Taking the line with "рубашка<br>Размер: 50<br>Материал: Шотландка" as the first and the line with "В Кривом Роге" as the last, set down exactly every line in that range from the entries below, and no more.
---- TASK DATA
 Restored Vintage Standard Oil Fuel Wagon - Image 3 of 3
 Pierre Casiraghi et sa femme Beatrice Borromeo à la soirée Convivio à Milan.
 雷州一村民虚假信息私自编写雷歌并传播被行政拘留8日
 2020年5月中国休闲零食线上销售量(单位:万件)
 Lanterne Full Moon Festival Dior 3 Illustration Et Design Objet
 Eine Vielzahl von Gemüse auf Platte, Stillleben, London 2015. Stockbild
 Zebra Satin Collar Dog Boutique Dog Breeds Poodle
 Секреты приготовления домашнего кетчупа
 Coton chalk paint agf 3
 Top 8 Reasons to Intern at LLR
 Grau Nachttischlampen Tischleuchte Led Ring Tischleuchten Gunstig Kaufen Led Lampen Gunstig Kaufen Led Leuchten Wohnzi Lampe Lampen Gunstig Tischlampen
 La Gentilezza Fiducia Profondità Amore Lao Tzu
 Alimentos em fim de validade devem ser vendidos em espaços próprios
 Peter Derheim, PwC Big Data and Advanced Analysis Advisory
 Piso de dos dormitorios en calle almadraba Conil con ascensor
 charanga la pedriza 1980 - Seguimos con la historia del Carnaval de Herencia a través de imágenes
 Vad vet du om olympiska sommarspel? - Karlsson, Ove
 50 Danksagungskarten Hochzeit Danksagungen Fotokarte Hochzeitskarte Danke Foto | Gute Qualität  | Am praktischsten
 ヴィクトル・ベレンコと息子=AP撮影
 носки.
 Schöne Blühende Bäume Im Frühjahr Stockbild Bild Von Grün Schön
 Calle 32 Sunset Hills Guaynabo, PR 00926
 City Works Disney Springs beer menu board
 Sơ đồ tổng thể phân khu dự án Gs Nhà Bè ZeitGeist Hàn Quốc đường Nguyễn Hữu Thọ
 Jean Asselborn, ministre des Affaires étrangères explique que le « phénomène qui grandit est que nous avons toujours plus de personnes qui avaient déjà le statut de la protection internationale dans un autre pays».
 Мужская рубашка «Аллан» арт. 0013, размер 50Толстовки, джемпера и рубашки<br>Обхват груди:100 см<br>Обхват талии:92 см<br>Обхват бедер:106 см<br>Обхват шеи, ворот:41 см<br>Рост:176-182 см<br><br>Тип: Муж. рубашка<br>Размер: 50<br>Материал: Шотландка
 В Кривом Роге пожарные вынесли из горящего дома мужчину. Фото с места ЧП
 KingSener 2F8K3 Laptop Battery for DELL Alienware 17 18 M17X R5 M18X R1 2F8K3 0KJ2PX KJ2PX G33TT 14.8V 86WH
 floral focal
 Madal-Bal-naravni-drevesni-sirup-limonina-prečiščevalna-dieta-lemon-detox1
--------
RESPONSE TO THE EXERCISE:
 Мужская рубашка «Аллан» арт. 0013, размер 50Толстовки, джемпера и рубашки<br>Обхват груди:100 см<br>Обхват талии:92 см<br>Обхват бедер:106 см<br>Обхват шеи, ворот:41 см<br>Рост:176-182 см<br><br>Тип: Муж. рубашка<br>Размер: 50<br>Материал: Шотландка
 В Кривом Роге пожарные вынесли из горящего дома мужчину. Фото с места ЧП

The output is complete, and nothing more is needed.